Evaluation of Internalization Using a Confocal Microscope
Antibody was FITC-labeled according to the manufacturer’s instructions (see above). For internalization studies the human tumor cell line OVCAR-3 and the MUC1-transfected mouse fibroblast 3T3 cell line, ETA, were used. As negative control the colon cell line CaCo2 was used. FITC-labeled antibody was added to the cells (10 μg/106 cells at a concentration of 100 μg/ml) for an incubation period of 1 hour on ice. The cells were washed and put on ice or at 37°C to check whether the antibody stayed bound to the membrane and to study internalization in both temperature conditions. Every time point (1, 3, and 6 hours and overnight) cells were checked on confocal microscope for membrane binding and internalization. Fc binding was checked by competition with human IgG1. Staining patterns (membranous or intracellular) were evaluated with a confocal microscope (Asciophat, Zeiss; Atto Instrument, Rockville, MD).
Results
Cloning of PH1-IgG1 into a Mammalian Expression Vector and Selection of Transfectants
The variable region antibody genes encoding the human Fab directed to MUC1 (PH1-Fab) was recloned for expression as fully human γ-1/kappa antibody into the mammalian VHexpress and VKexpress expression vectors 13 as described in Materials and Methods. These vectors allow rapid recloning of phage antibodies and expression of full IgG. 13
After co-transfection of CHO cells with the two heavy and light chain gene-containing plasmids, cells were grown on selective media as indicated in Materials and Methods. On the plate with 100 cells/well seeded, 37.5% of the wells showed cell growth after 5 days in culture; at 10 cells/well, no growth was detected. Supernatants of the cultures were assayed for the presence of human IgG and binding to MUC1 peptide in ELISA. A third of the wells with selected cells were positive for binding to MUC1, with levels of human IgG between 5 and 75 ng/ml. We chose line 7F (which secreted at 75 ng/ml) for further subcloning and production of PH1-IgG1.

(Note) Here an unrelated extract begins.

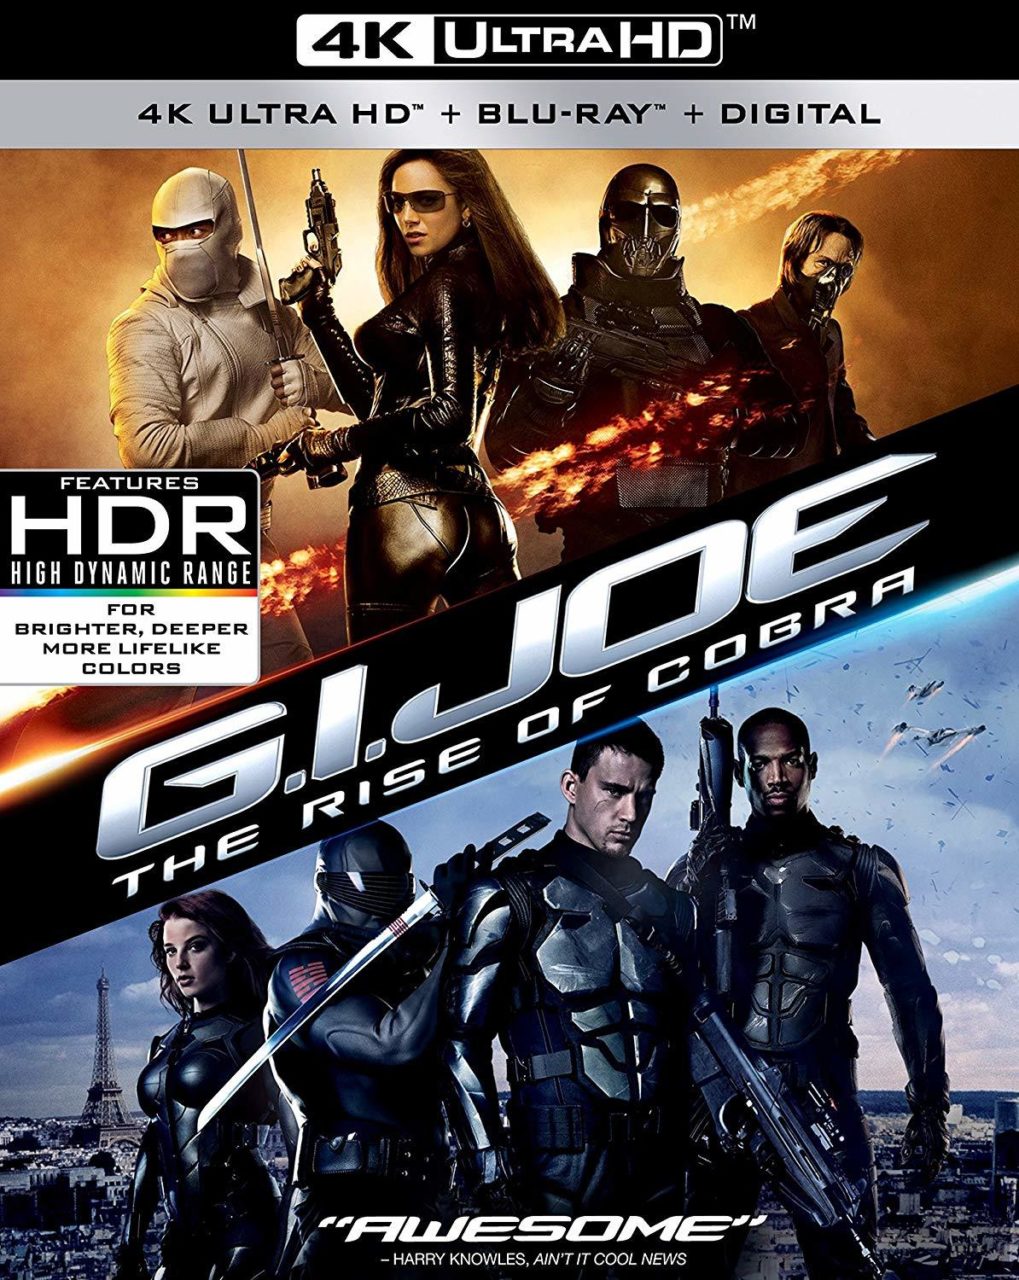 G.I. Joe: The Rise Of Cobra 4K Ultra HD Combo Pack cover (Paramount Home Entertainment)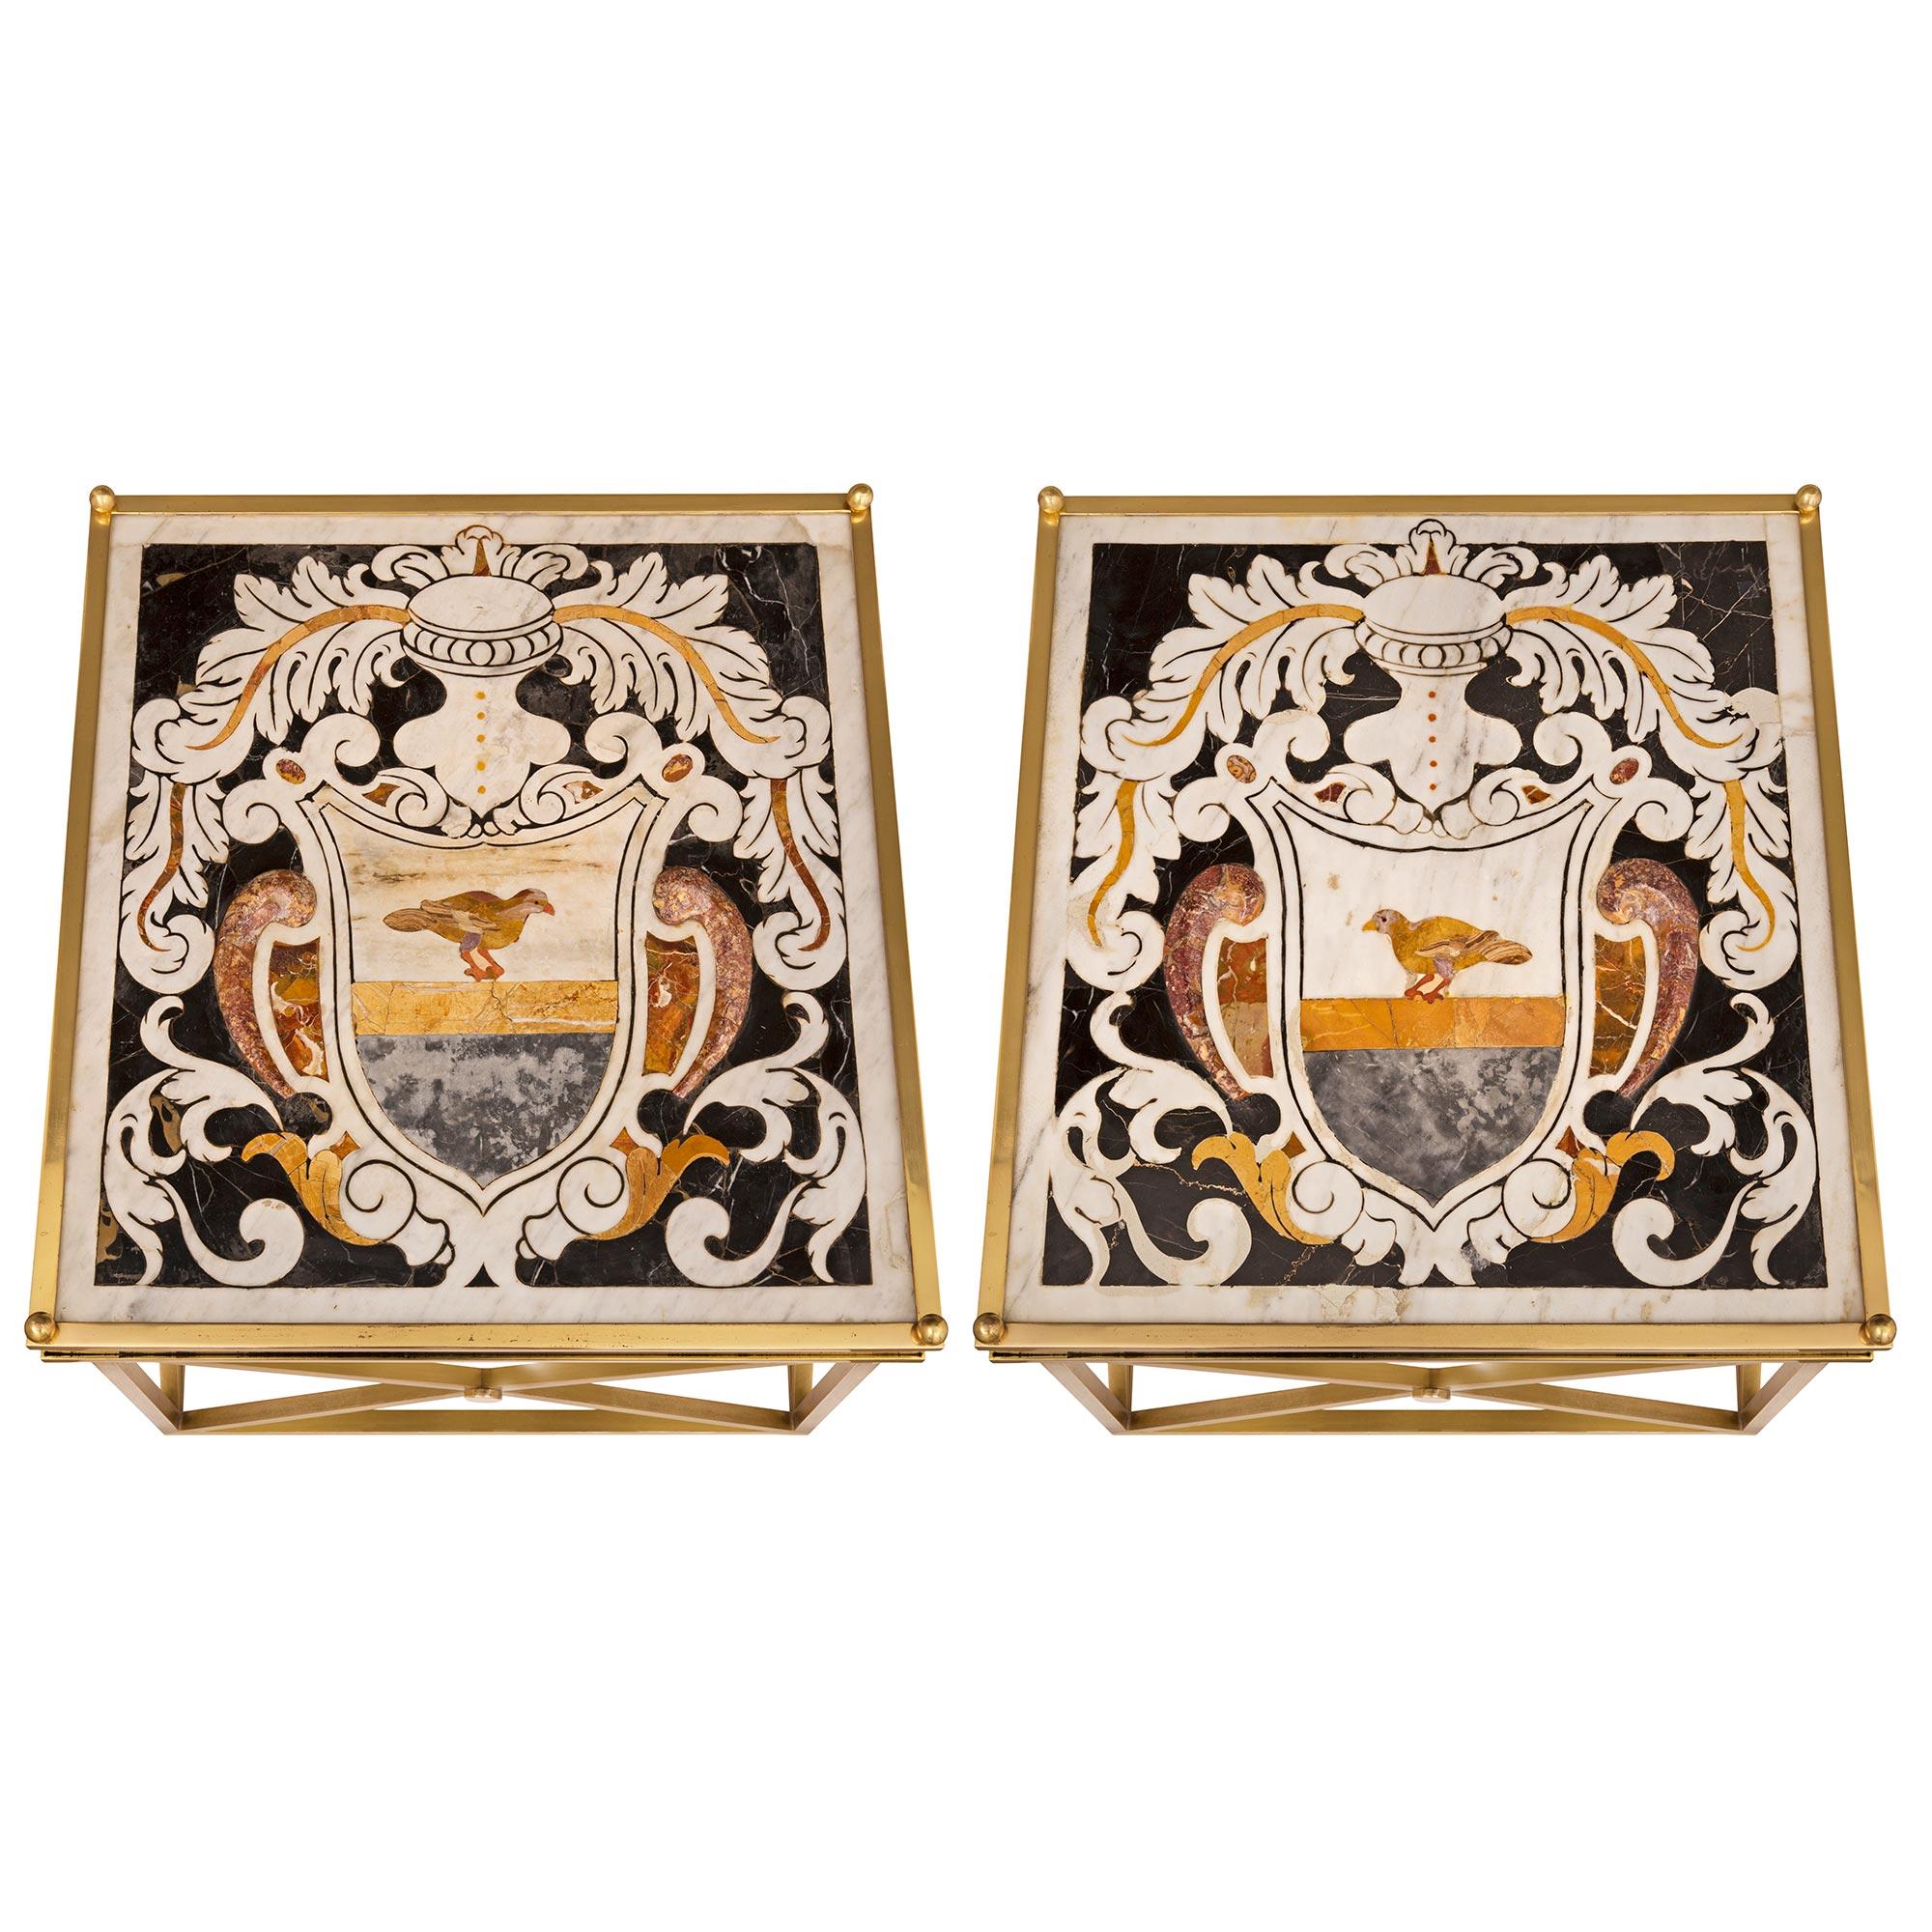 A sensational and extremely decorative true pair of Italian 19th century Pietra Dura marble plateaux set within beautiful 20th century brass bases mounted as side tables. Each table is raised by fine ball feet below the most elegant brass base with

Production and Purification of the PH1-IgG1
The MUC1-specific PH1-IgG1 antibody was purified from cell line 7F grown in 0.5% fetal calf serum containing culture media as described in Materials and Methods. Under these conditions more than 95% pure PH1-IgG1 protein was obtained (based on silver staining; Figure 1 ▶ ), at a yield of 0.5 mg of PH1-IgG1 per L of culture after purification. The results of a human IgG1-specific ELISA and a bicinchoninic acid total protein detection assay were in agreement (data not shown), indicating minimal contamination with bovine IgG.
Affinity Analysis
The affinity of antibody PH1-IgG1 was determined using BIAcore. Affinities of the PH1-Fab calculated were 1.47 (15-mer) and 1.40 (60-mer) μmol/L with a mean of 1.43 μmol/L (Figure 2, A and B) ▶ . Mean apparent affinity of PH1-IgG1 (8.7 nmol/L) was calculated with the BIACore software from binding curves on low-density surfaces being 8.3 nmol/L (15-mer) and 9.06 nmol/L (60-mer) (Figure 2C) ▶ . Thus under the conditions used, binding of PH1-IgG1 was 160 times stronger than of the PH1-Fab.
Figure 2.

BIAcore analysis of PH1-Fab (A and B) and PH1-IgG1 (C). Binding pattern of PH1 (A) and its analysis at steady state [response units equilibrium (RUeq)]) (B). C: Binding pattern of IgG1-PH1, fitted with the BIAevaluation program (version 3.01). Fitting curves at Langmuir with mass transfer limitation) are superimposed (dashed line) to the concentration curves (straight line).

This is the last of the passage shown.